Archive for June 13th, 2018
Bagdikian was right: Don’t allow media to concentrate
Ben Bagdikian, one of the nation’s foremost media critics, died in 2016 at age 96. He left behind warnings about concentration in media ownership. We should have paid more attention.

Ben Bagdikian
Beginning in 1983 with the publication of “The Media Monopoly” and again in 2000 with “The New Media Monopoly,” he railed against the growing power of ever fewer owners of media — big fish swallowing little fish, then still bigger fish swallowing those big fish. In the 2000 edition, he called the most monstrous fish “The Big Five” — Time Warner, The Walt Disney Company, Rupert Murdoch’s News Corporation, Viacom, and the German firm Bertelsmann. He argued these corporations had “more communications power than was exercised by any despot or dictatorship in history.”

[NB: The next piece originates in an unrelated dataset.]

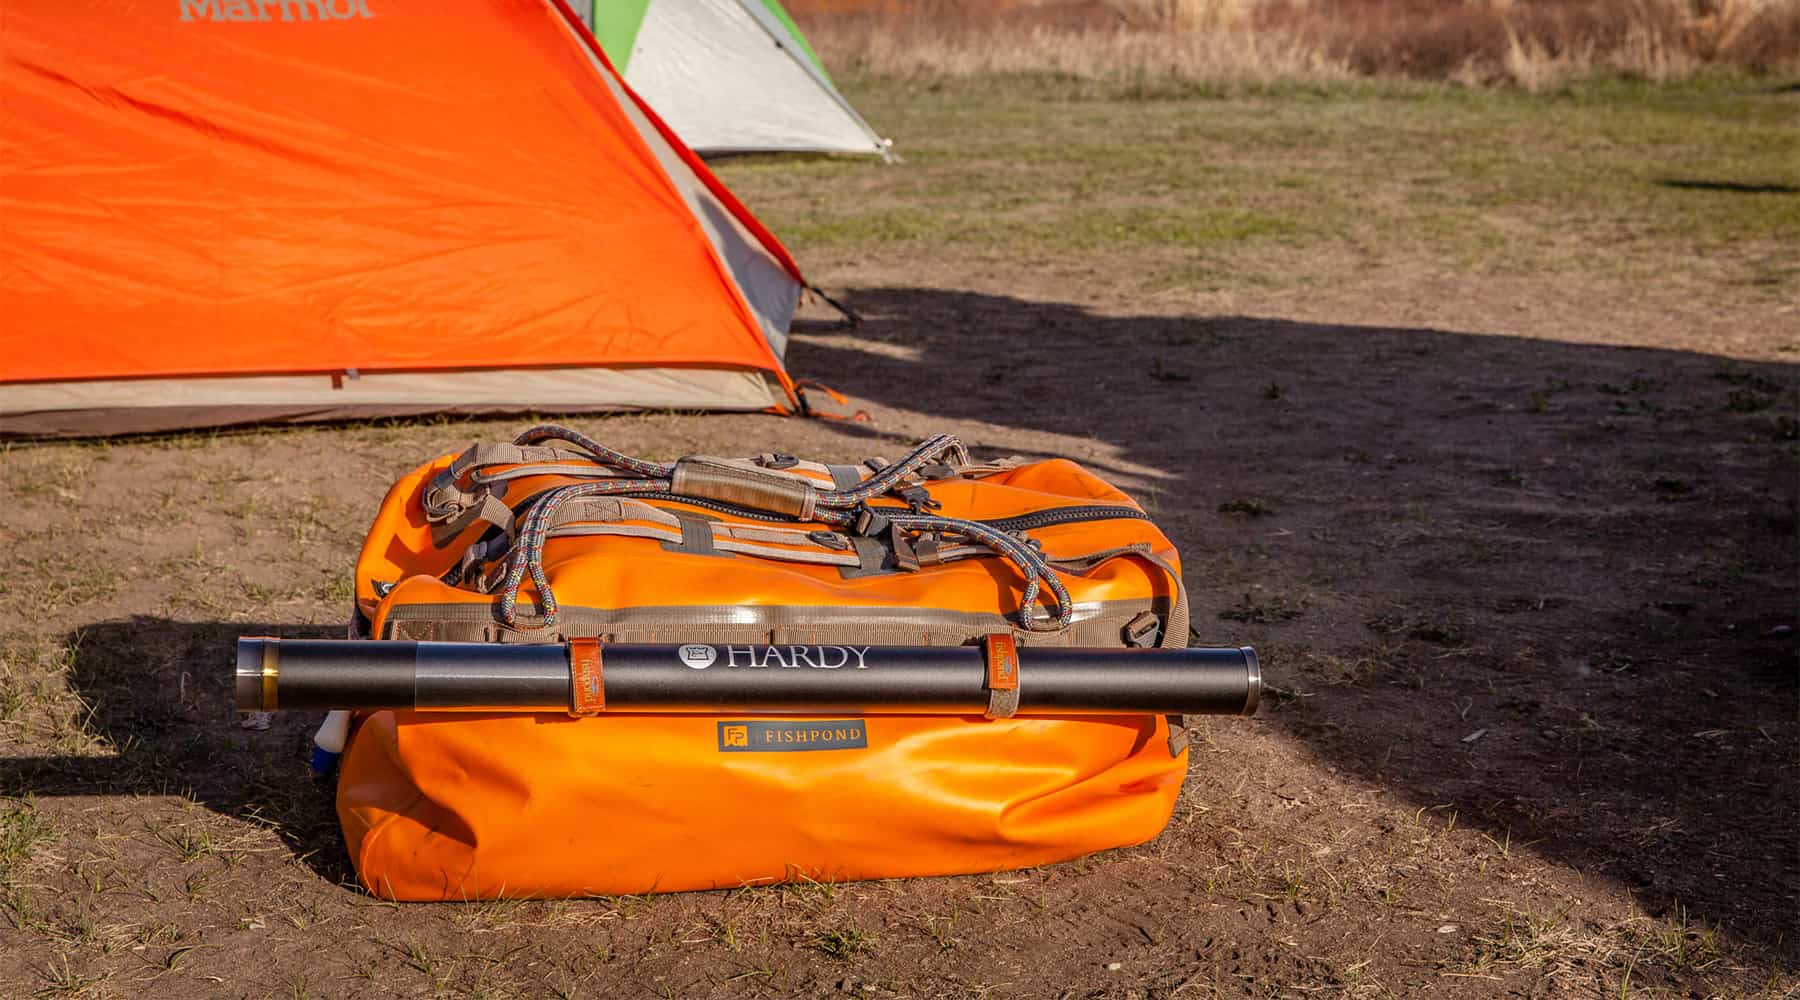 Why The Fishpond Thunderhead Submersible Duffel Should Be Part Of Your Travels - A Review

That was only 18 years ago. The world of media has dramatically changed — and, thanks to a federal judge’s decision this week in the merger case of AT&T and Time Warner, more change in media ownership and concentration lies ahead. AT&T (which provides the conduit) and Time Warner (which provides the content) argue they must be allowed to merge to compete with the new generation of media titans — Facebook, Apple, Amazon, Netflix and Google.
Bagdikian would have none of this. He’d continue to argue the media concentration underway for more than a century has consequences on how we the people see ourselves, see others, and govern ourselves.